Set down all of the data that follows word for word, without the images.

• GIVEN MATERIAL
☆ ☆ ☆ ☆ ☆
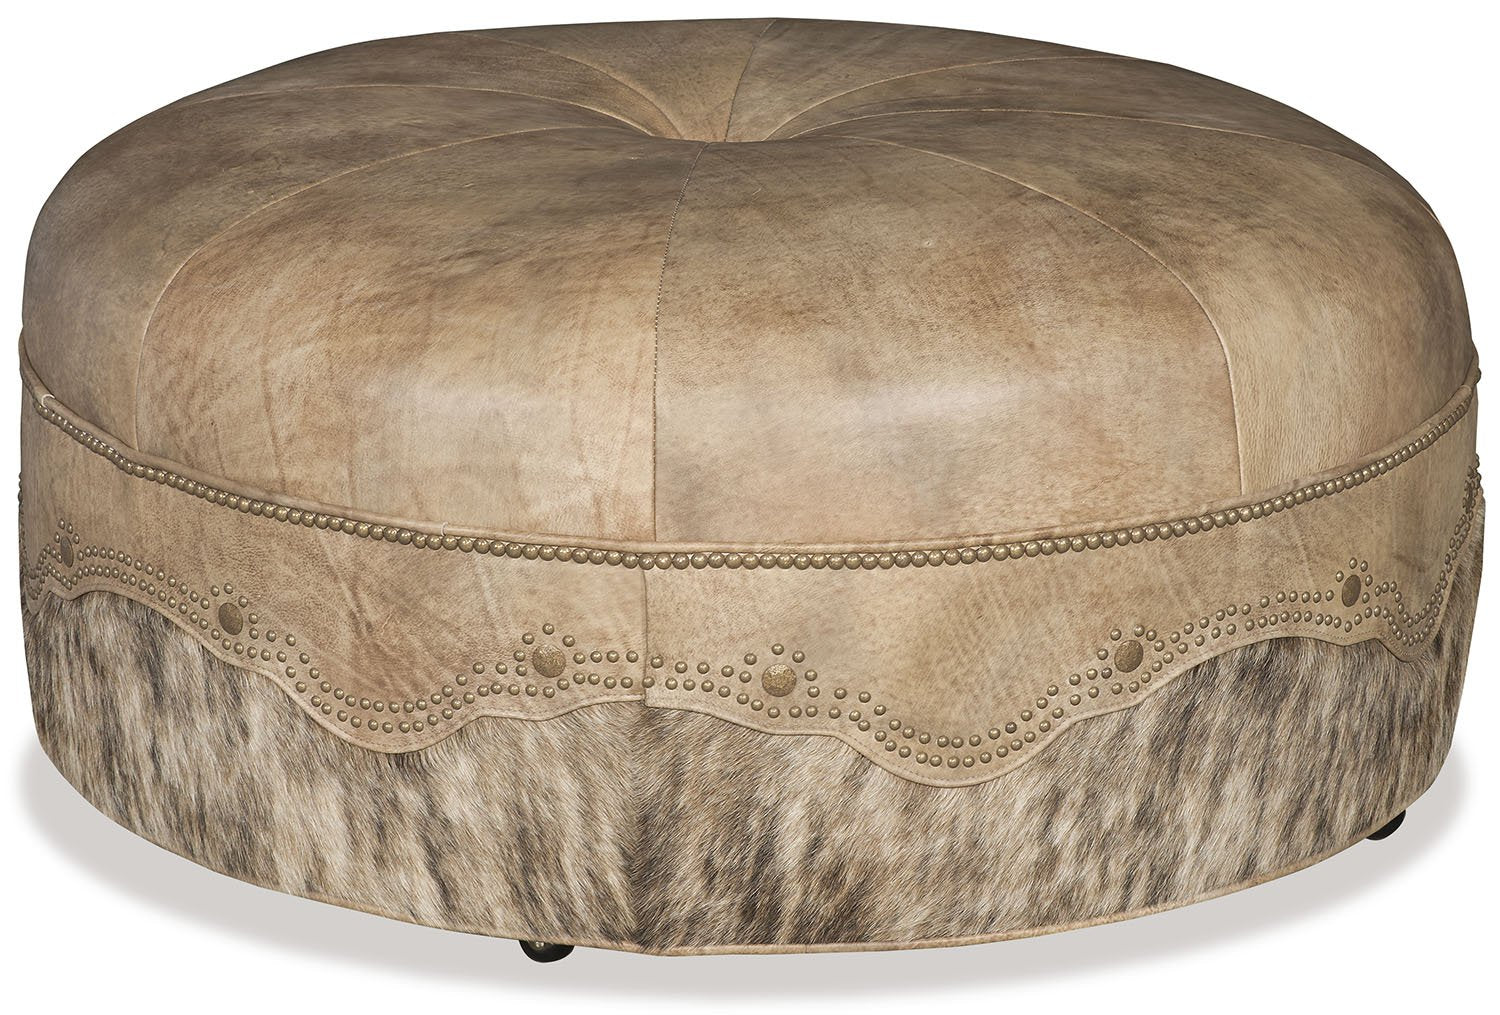 Blonde Cowhide and Leather Ottoman
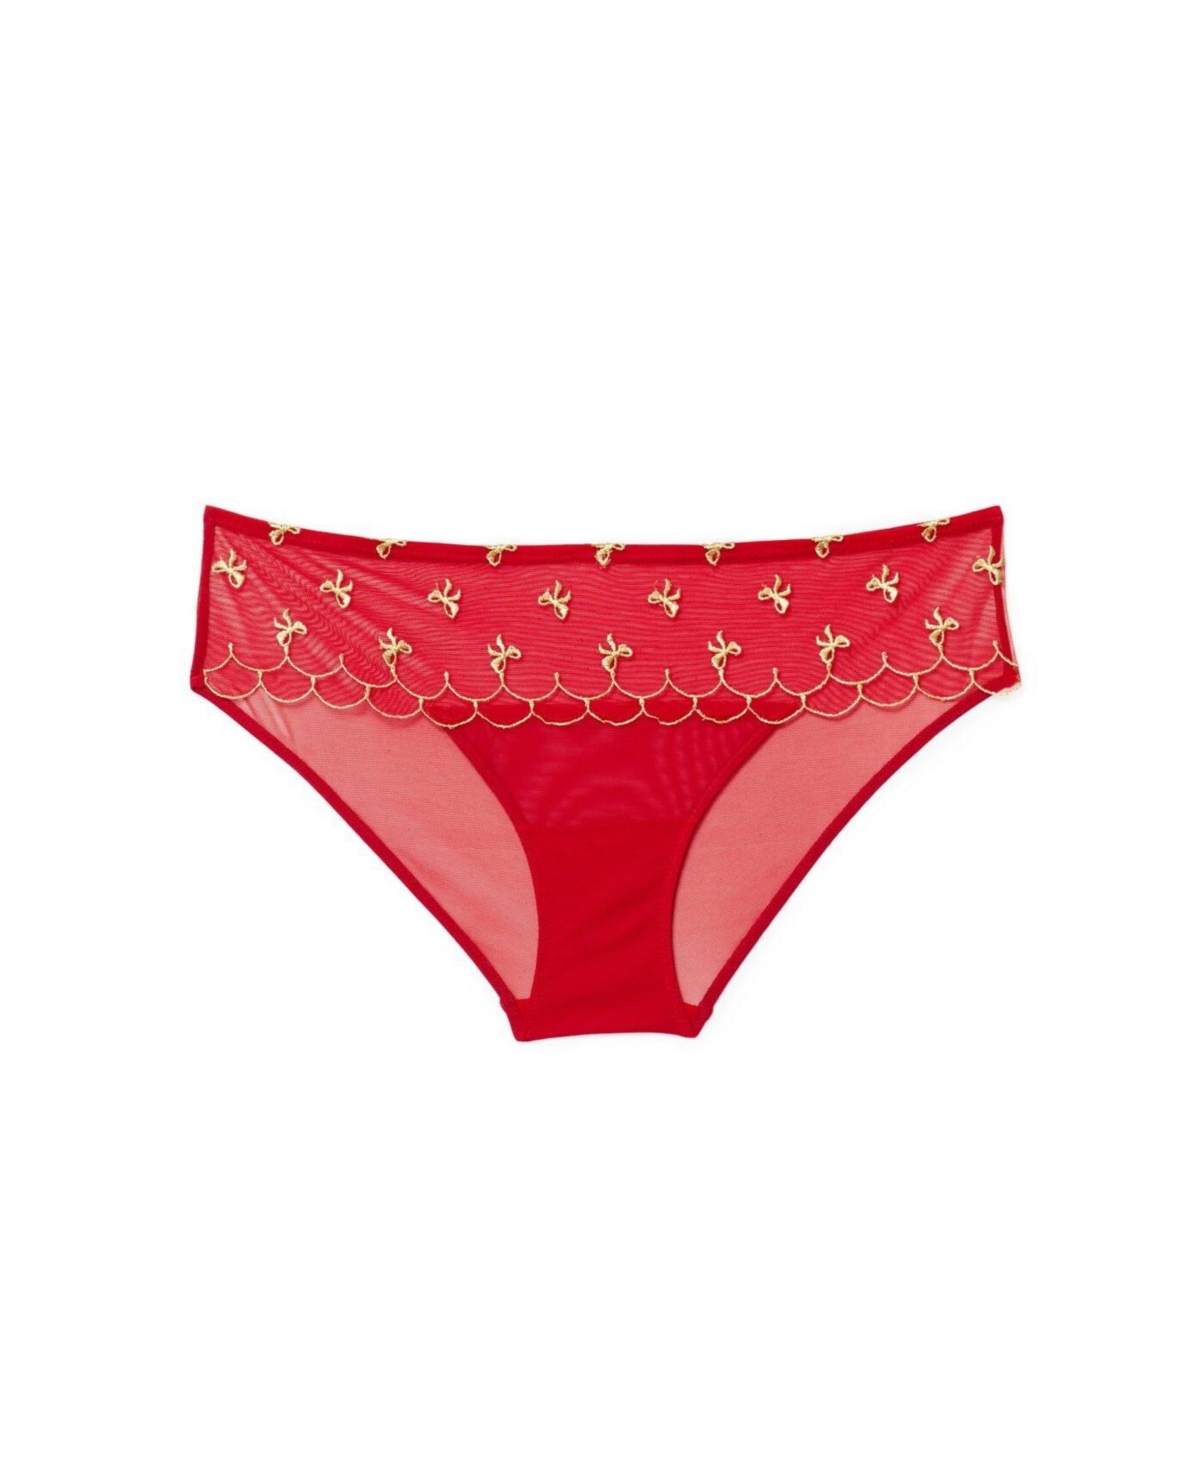 Women's Bettie Hipster Panty - Holidays Edition! - Dark red
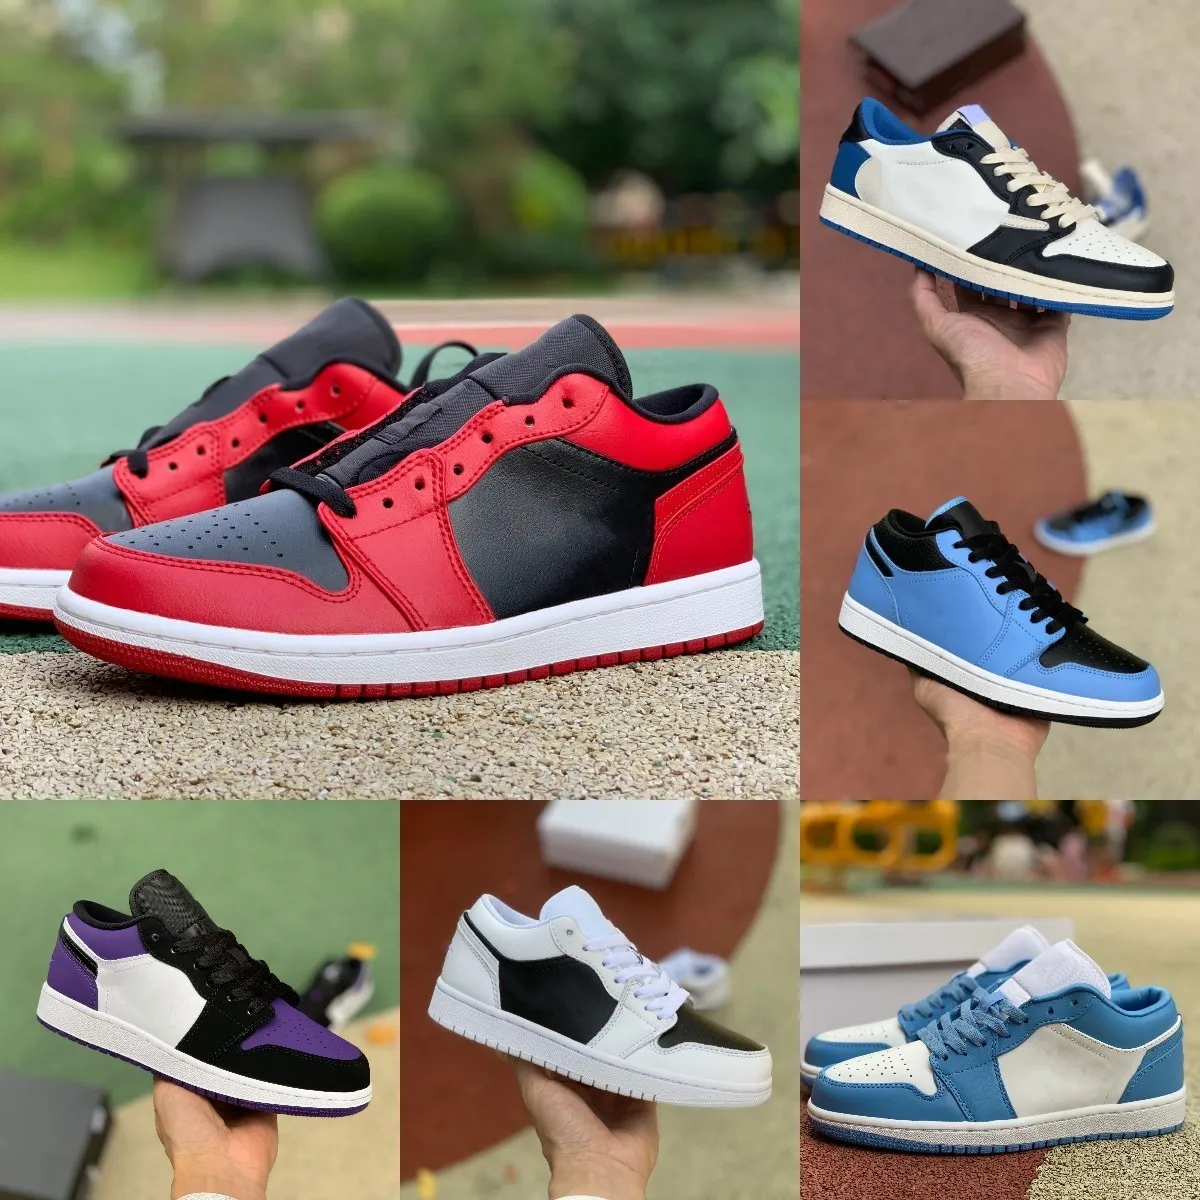 Jumpman X förbjöd 1 1S Low Basketball Sports Shoes Fragment Starfish White Brown Gold Unc Gold Black Toe Panda Mystic Green Noble Red Trainer Designers Sneakers Brand
☆ ☆ ☆ ☆ ☆
• REPLY TO THE EXERCISE
 Blonde Cowhide and Leather Ottoman
 Women's Bettie Hipster Panty - Holidays Edition! - Dark red
 Jumpman X förbjöd 1 1S Low Basketball Sports Shoes Fragment Starfish White Brown Gold Unc Gold Black Toe Panda Mystic Green Noble Red Trainer Designers Sneakers Brand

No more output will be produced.